# Advanced Data Structures and Storage
## Session 20 (Exercises on Column-Family Databases)

*Submit your solutions in the Blackboard. I will ask some of you to discuss your solutions in class next session.*

## Part 1

Fire up a *Cassandra Query Language* (CQL) session as follows:

- Go to [DataStax](https://www.datastax.com/dev) and select "Try free"
- Login (and fill the form, if requested)
- Select `Create Database`
- As database name and keyspace name, use `twitter`
- Choose your favorite provider and your closest region
- Wait a minute until the database is up and running
- Select the tab `CQL Console` above
- Activate the keyspace with the USE command (see session 19's slides).

**OR**

- Head over to [Github Codespaces](github.com/codespaces)
- Run `docker pull cassandra` and `docker run -d cassandra`
  - If you re-open the codespace after a while, you may need to run `docker ps -a` and `docker start <container_name>` to start the container again
- Run `pip install cassandra-driver`
- Make sure the Cassandra demo notebook is running

In [1]:
import cassandra

## Part 2

We want to model a database that stores [X (formerly Twitter)](https://twitter.com) users and the tweets they post.
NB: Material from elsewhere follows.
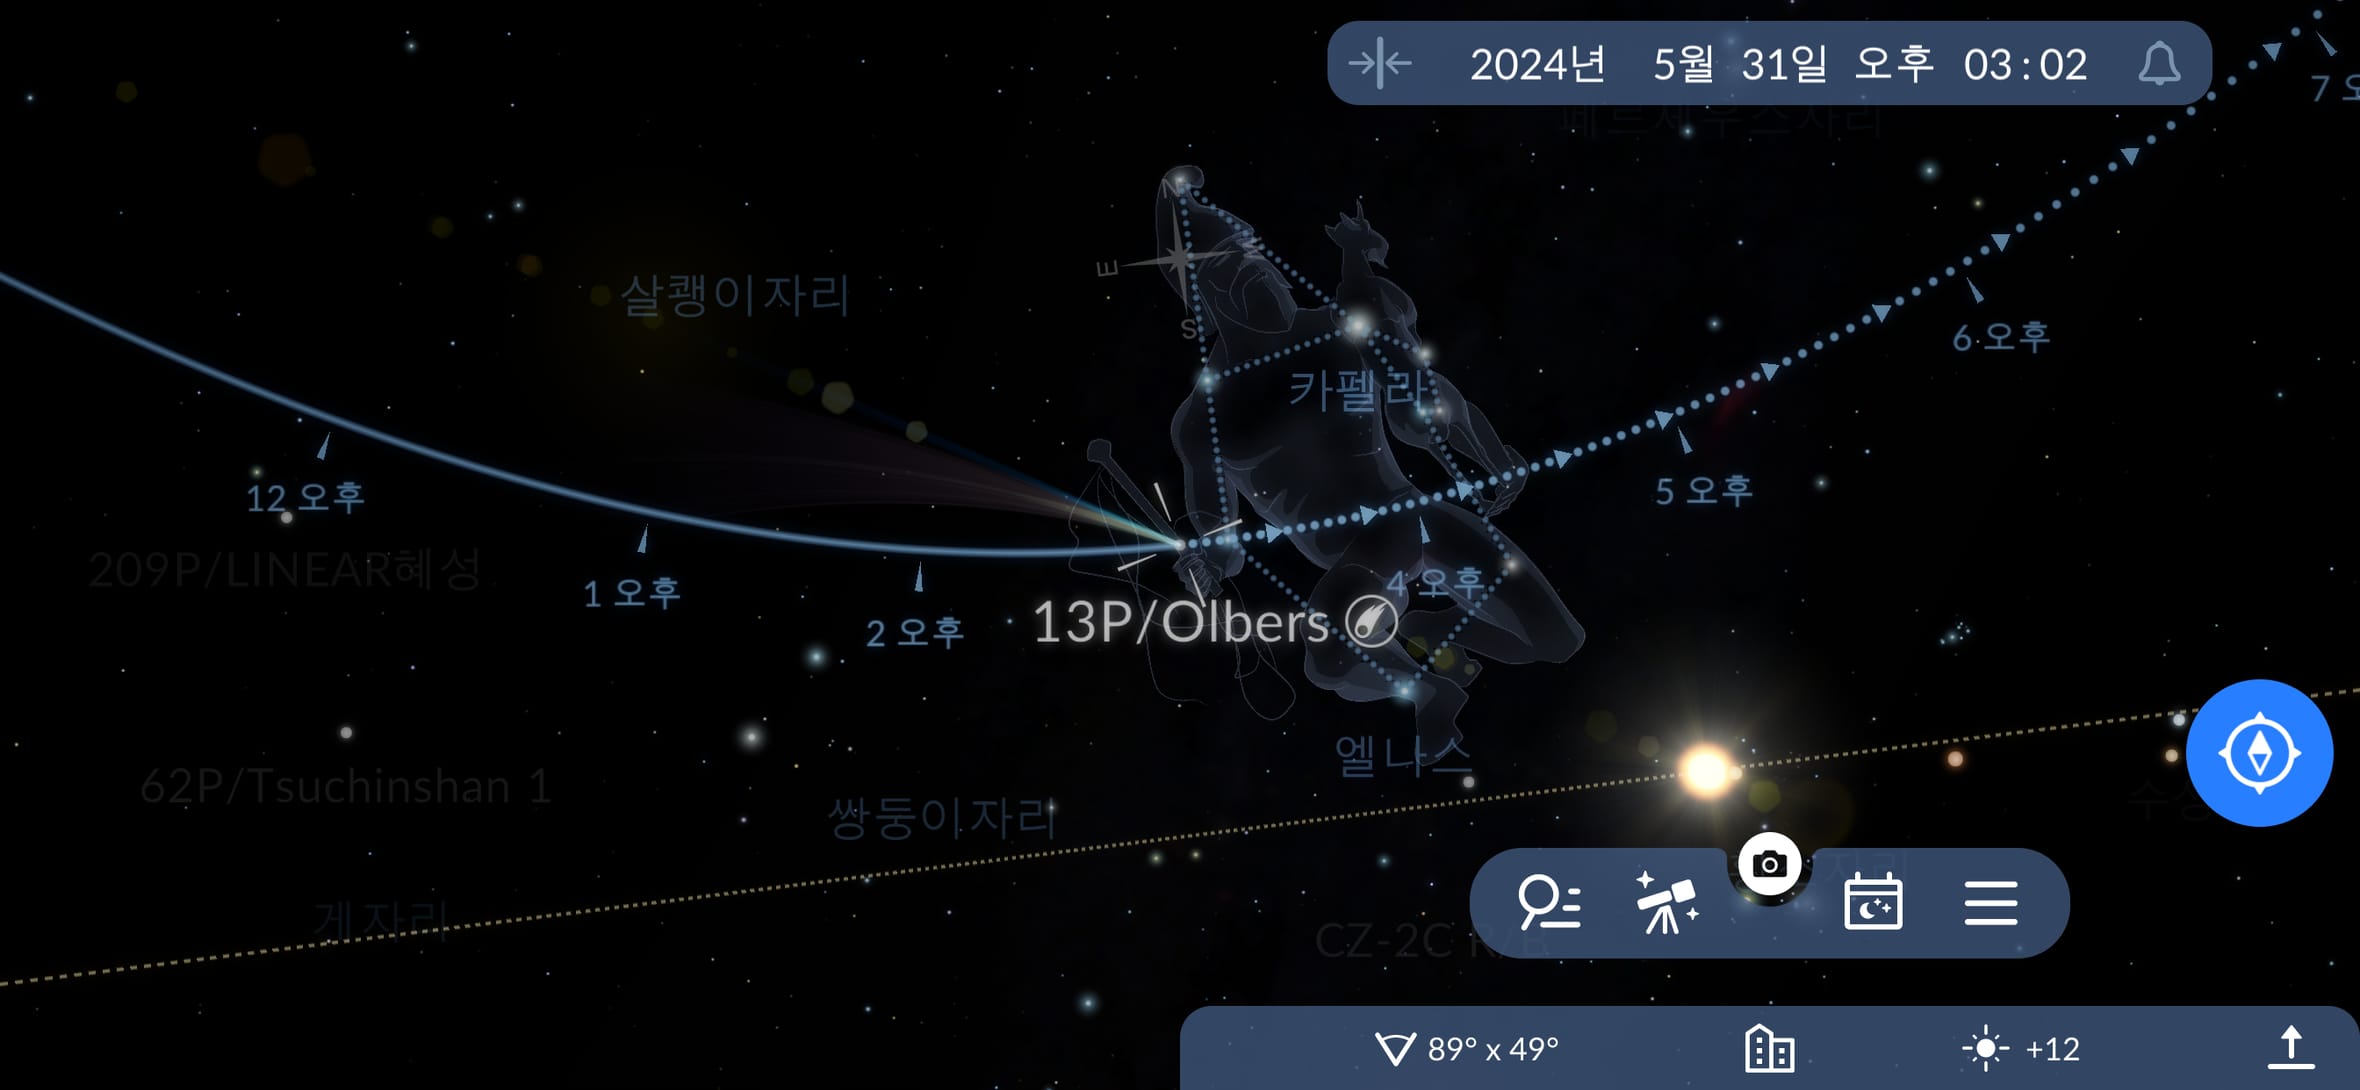 하늘에서 올베르 혜성을 찾는 방법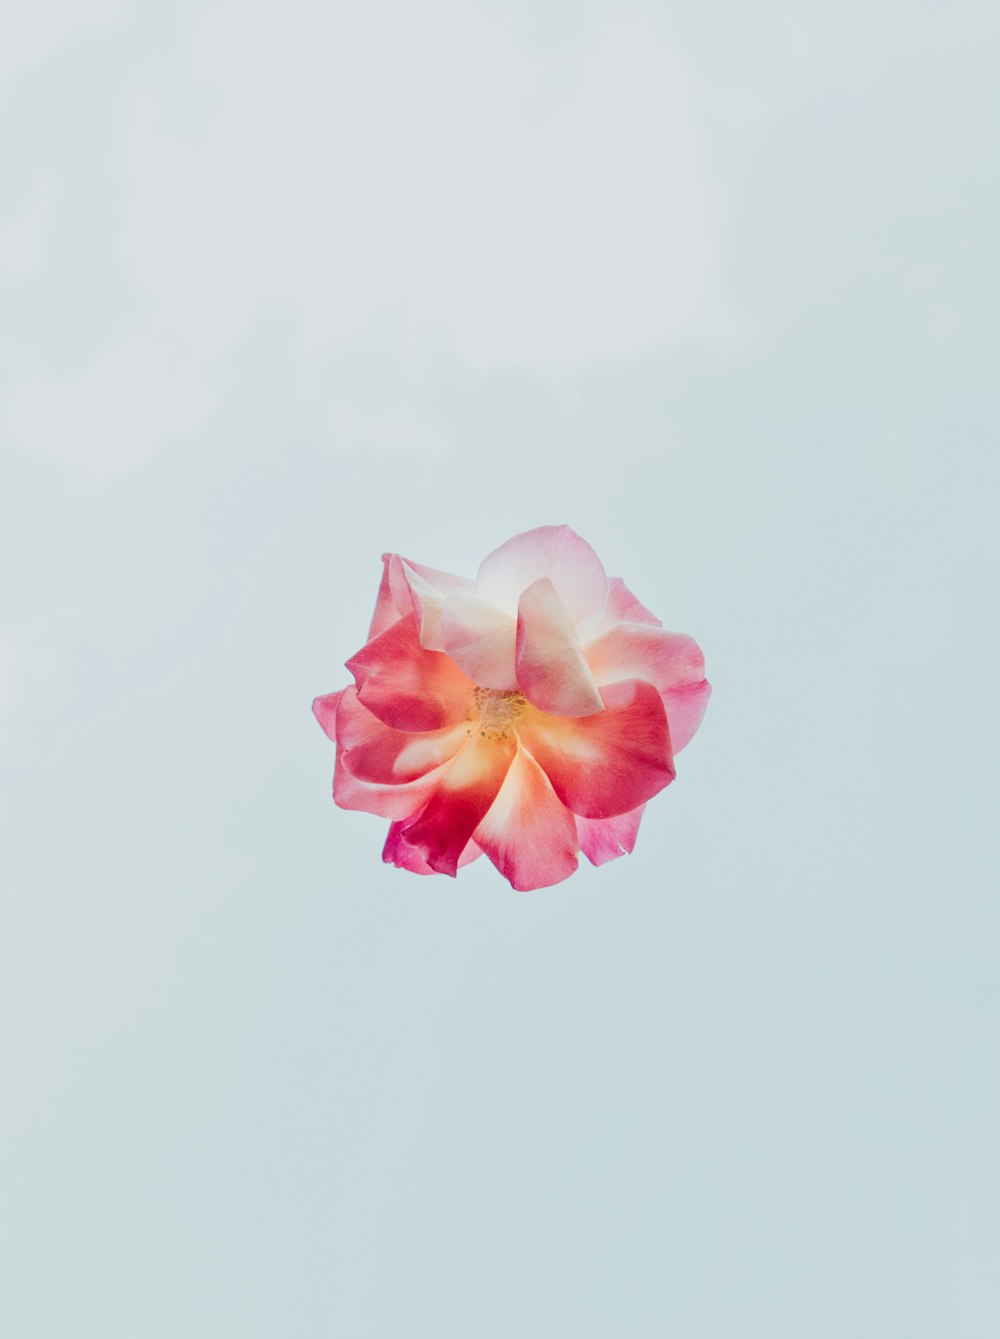 Fotografía de primer plano de flores de pétalos rojos y blancos

So far, there are two users and two tweets. In SQL, they would be stored using these tables:

*USERS table:*

| Author handle *(primary key)* 	| Author name 	| E-mail         	|
|----------------------	|----------------	|----------------	|
| @john                	| John Doe       	| john@gmail.com 	|
| @jane                	| Jane Doe       	| jane@gmail.com 	|

*TWEETS table:*

| Tweet ID *(primary key)* 	| Author handle 	| Body                   	|
|------------------------	|---------------	|------------------------	|
| 19000                  	| @jane         	| "My first tweet"       	|
| 34500                  	| @jane         	| "I got the hang of it" 	|

*If we want to display one tweet, how many tables do we need to traverse?* Justify your answer.

Hint: in case you're not familiar with Twitter, have a look at it to make sure you **understand what information is shown in a tweet**.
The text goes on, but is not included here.